## Records for this task

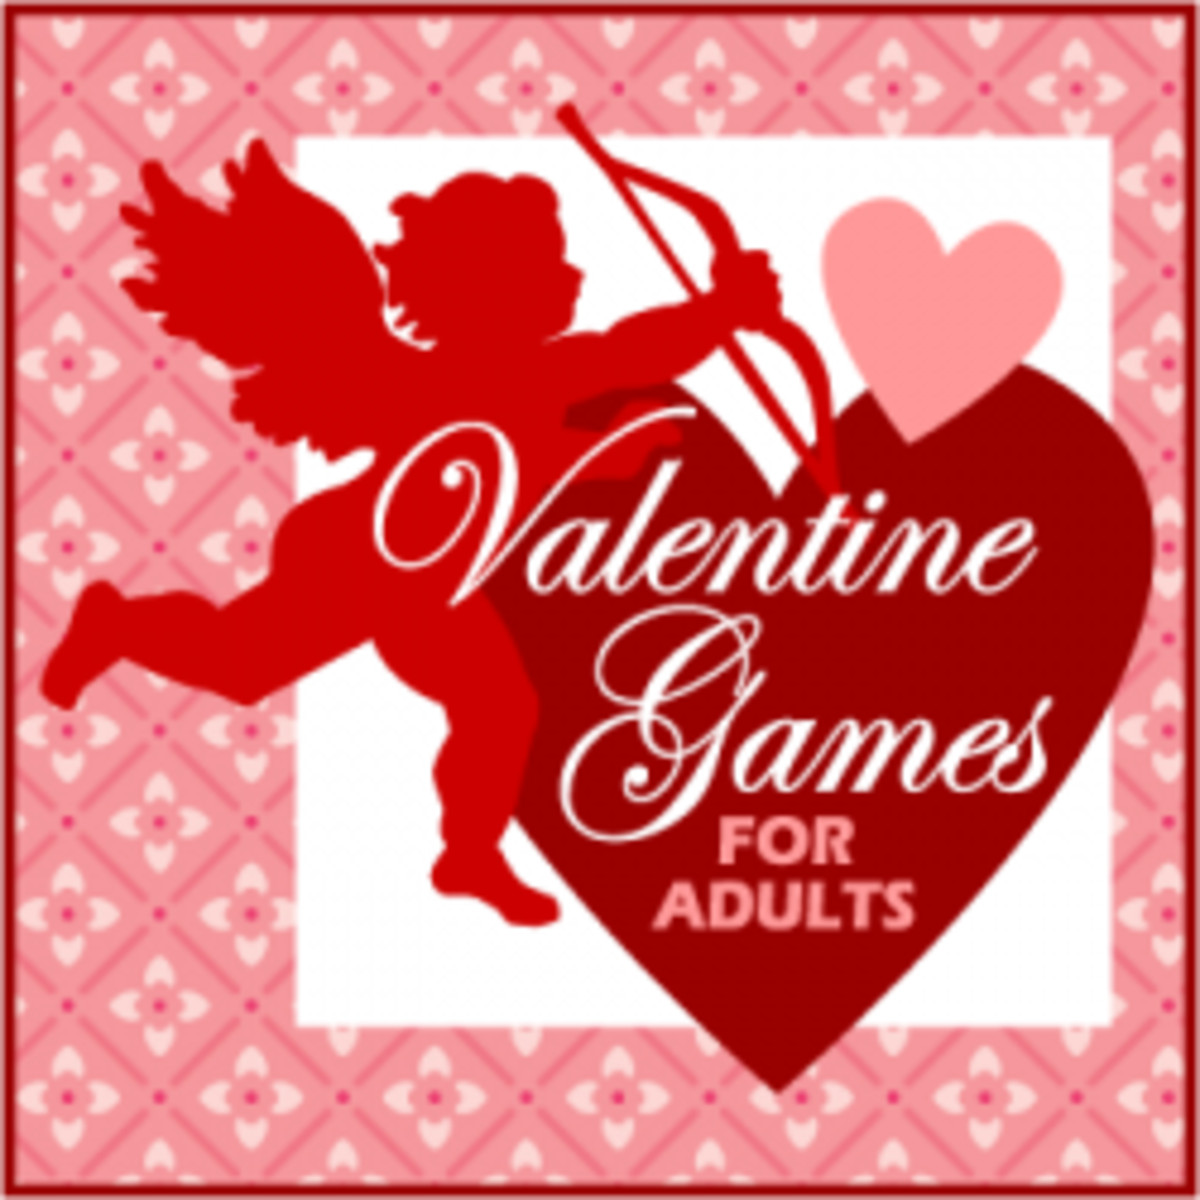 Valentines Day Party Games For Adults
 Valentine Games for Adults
==
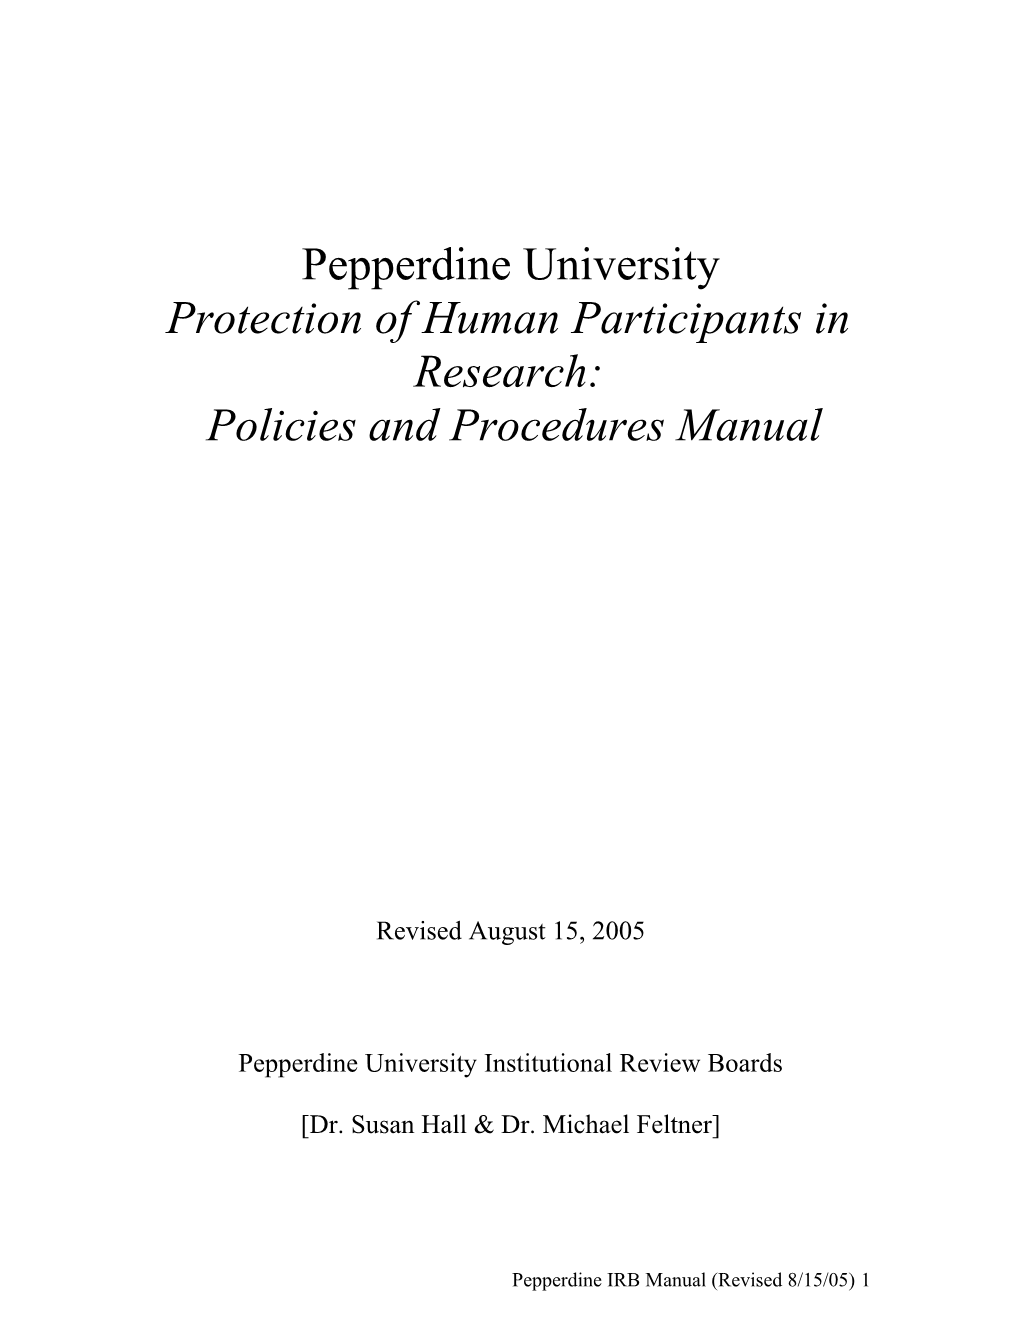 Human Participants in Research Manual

## Exercise
Repeat exactly the stretch of the listing above that starts with the line holding "Valentines Day Party Games For Adults" and finishes with the line holding "Valentine Games for Adults", both included. Skip every picture.

## Response area
 Valentines Day Party Games For Adults
 Valentine Games for Adults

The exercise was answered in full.